_Requirement_
Within the material below, locate the line with "Bed with upholstered" and the line with "Set of icons", then return those two lines and all lines between them, exactly as written.

_Data for the task_
+-------+
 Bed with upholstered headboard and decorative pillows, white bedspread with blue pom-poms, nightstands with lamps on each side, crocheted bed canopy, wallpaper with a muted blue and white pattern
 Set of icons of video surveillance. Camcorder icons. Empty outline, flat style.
+-------+
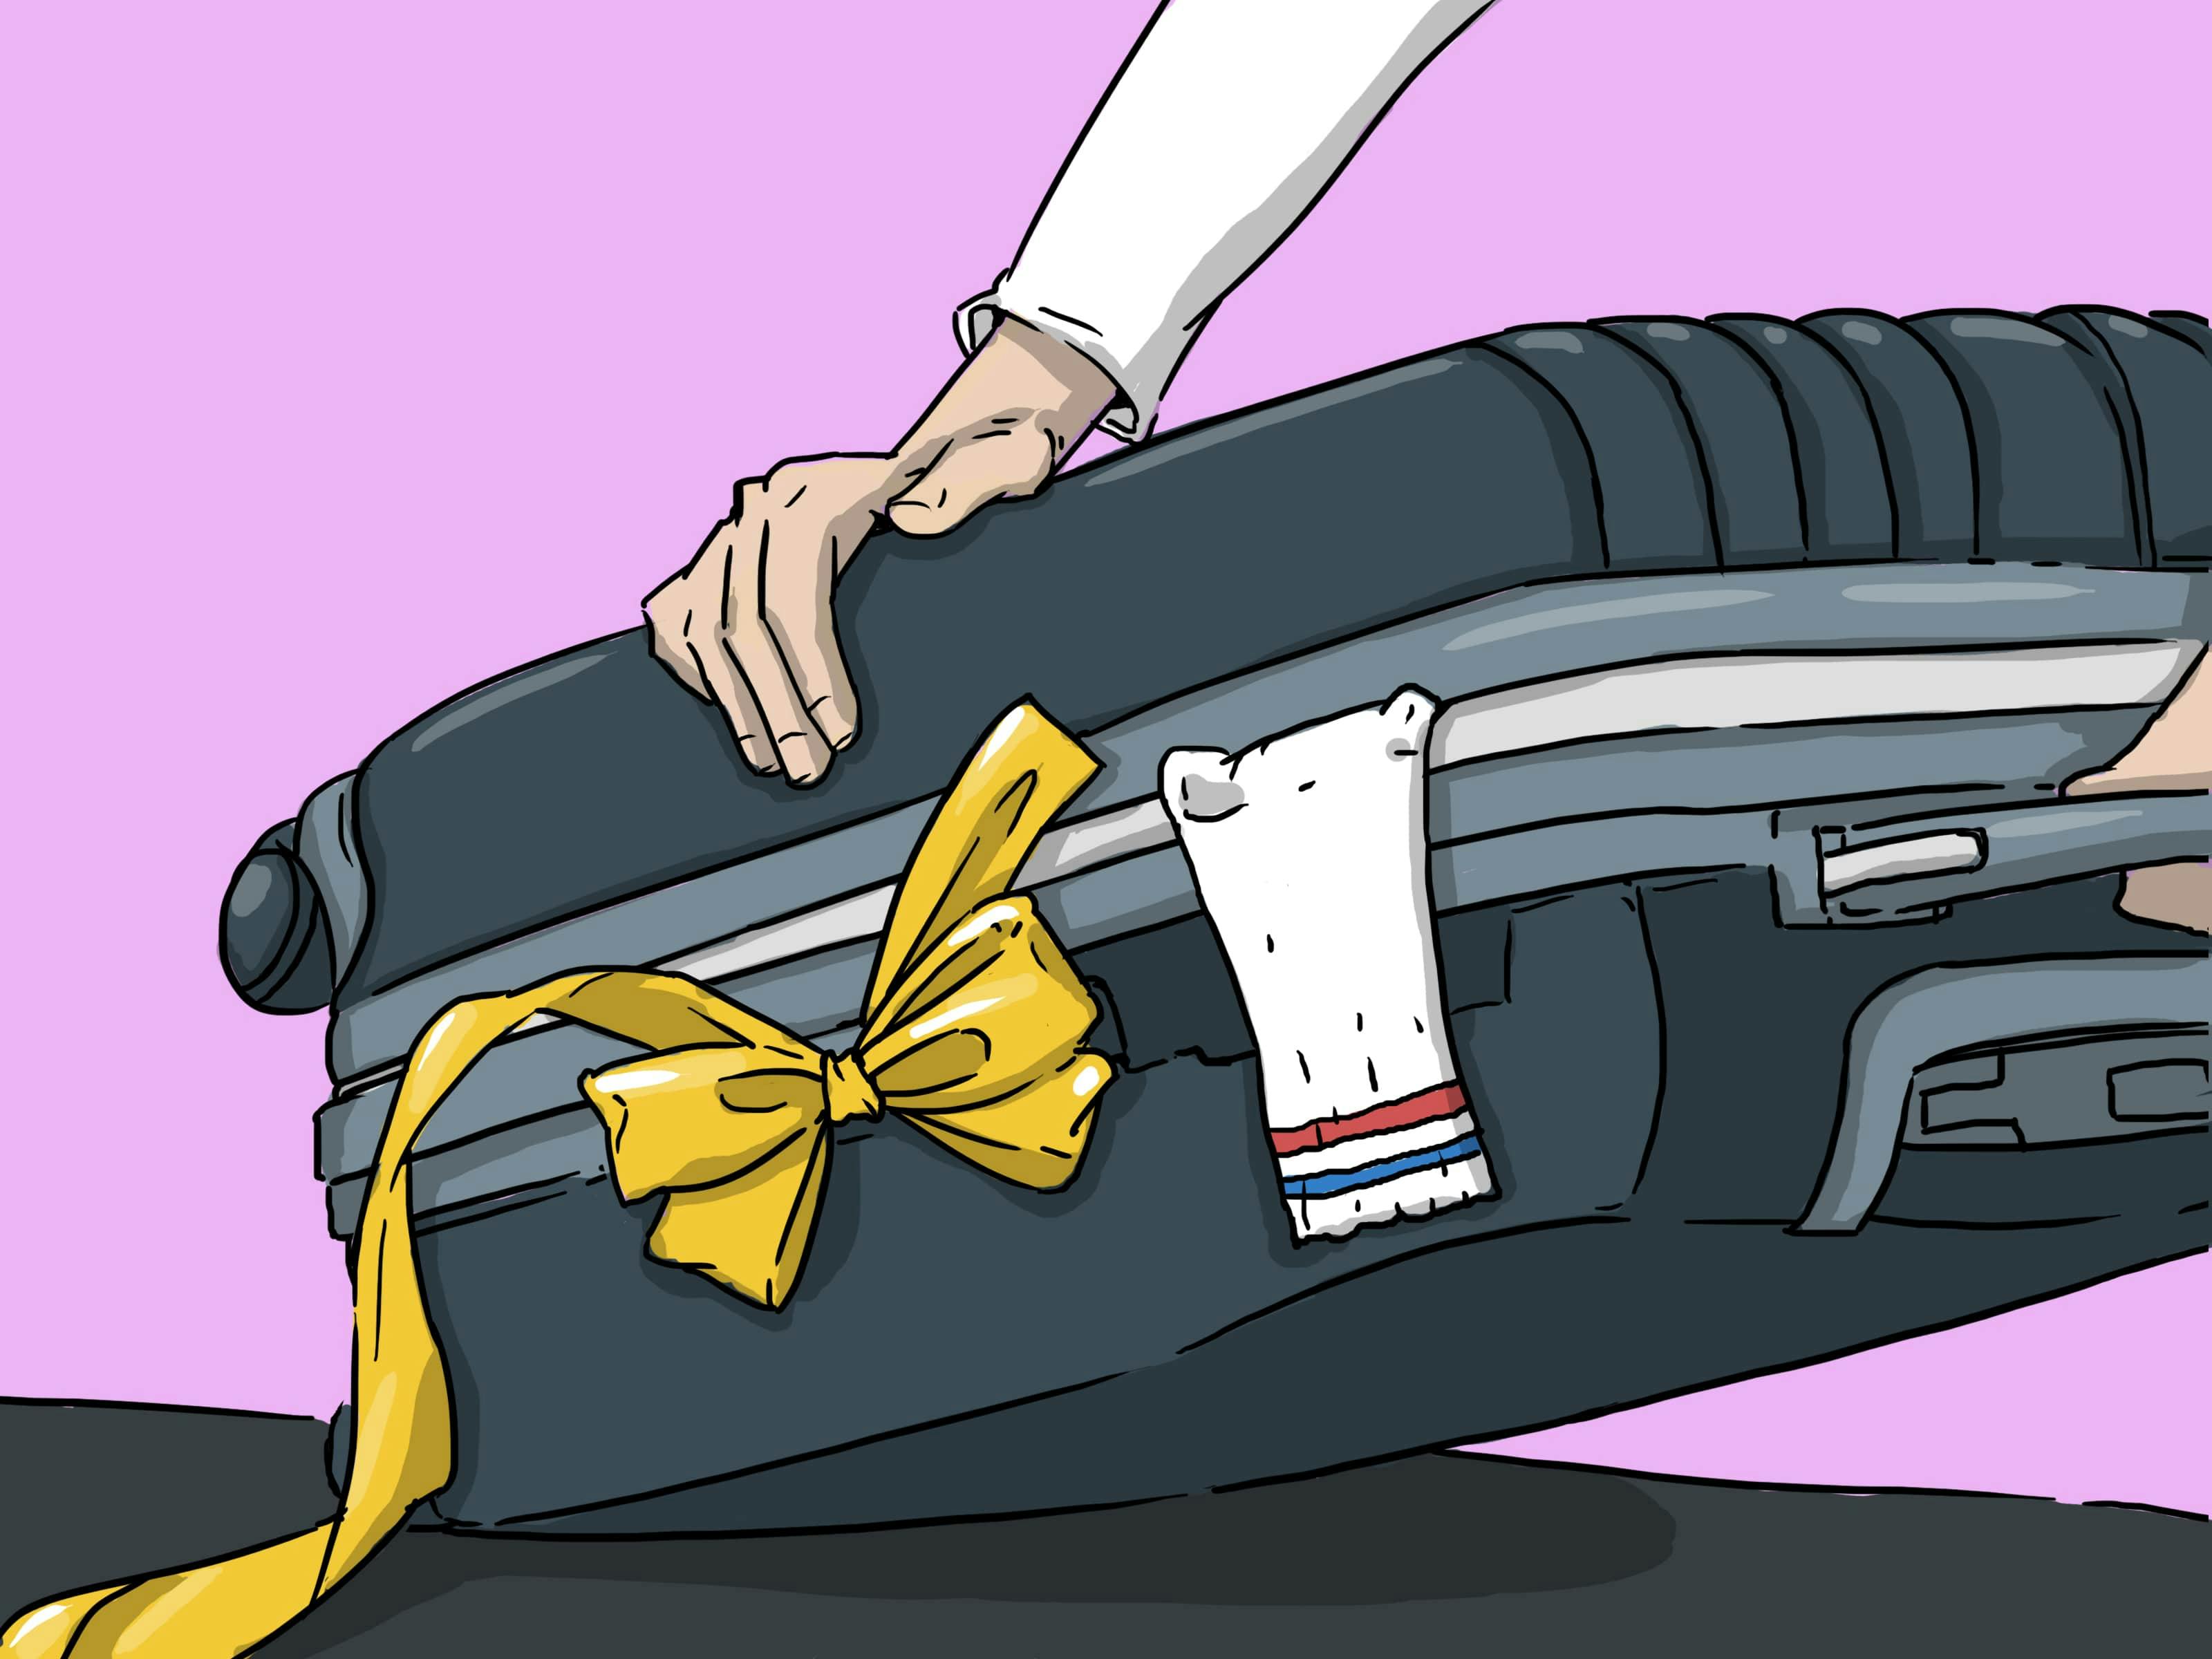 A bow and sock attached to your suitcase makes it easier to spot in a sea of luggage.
+-------+
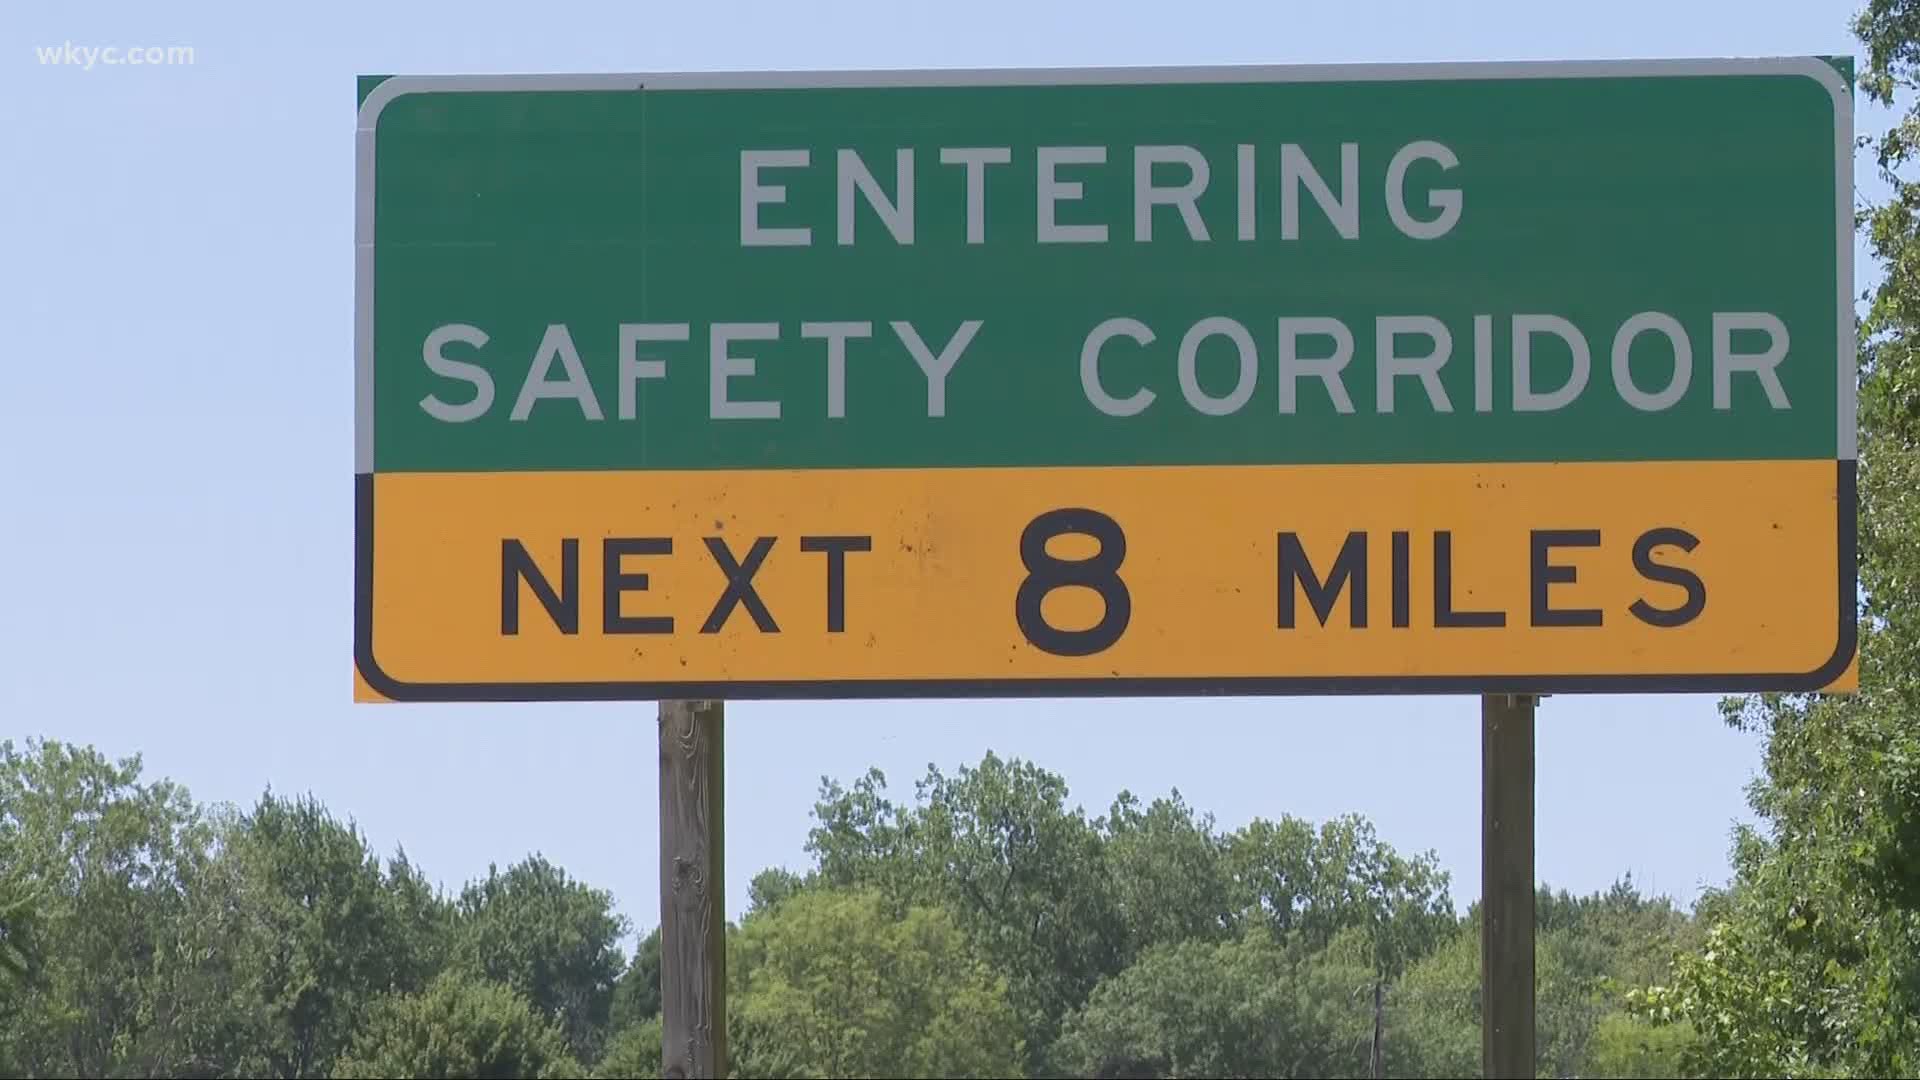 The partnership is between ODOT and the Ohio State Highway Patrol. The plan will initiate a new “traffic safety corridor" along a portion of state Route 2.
+-------+
_Output for this exercise_
 Bed with upholstered headboard and decorative pillows, white bedspread with blue pom-poms, nightstands with lamps on each side, crocheted bed canopy, wallpaper with a muted blue and white pattern
 Set of icons of video surveillance. Camcorder icons. Empty outline, flat style.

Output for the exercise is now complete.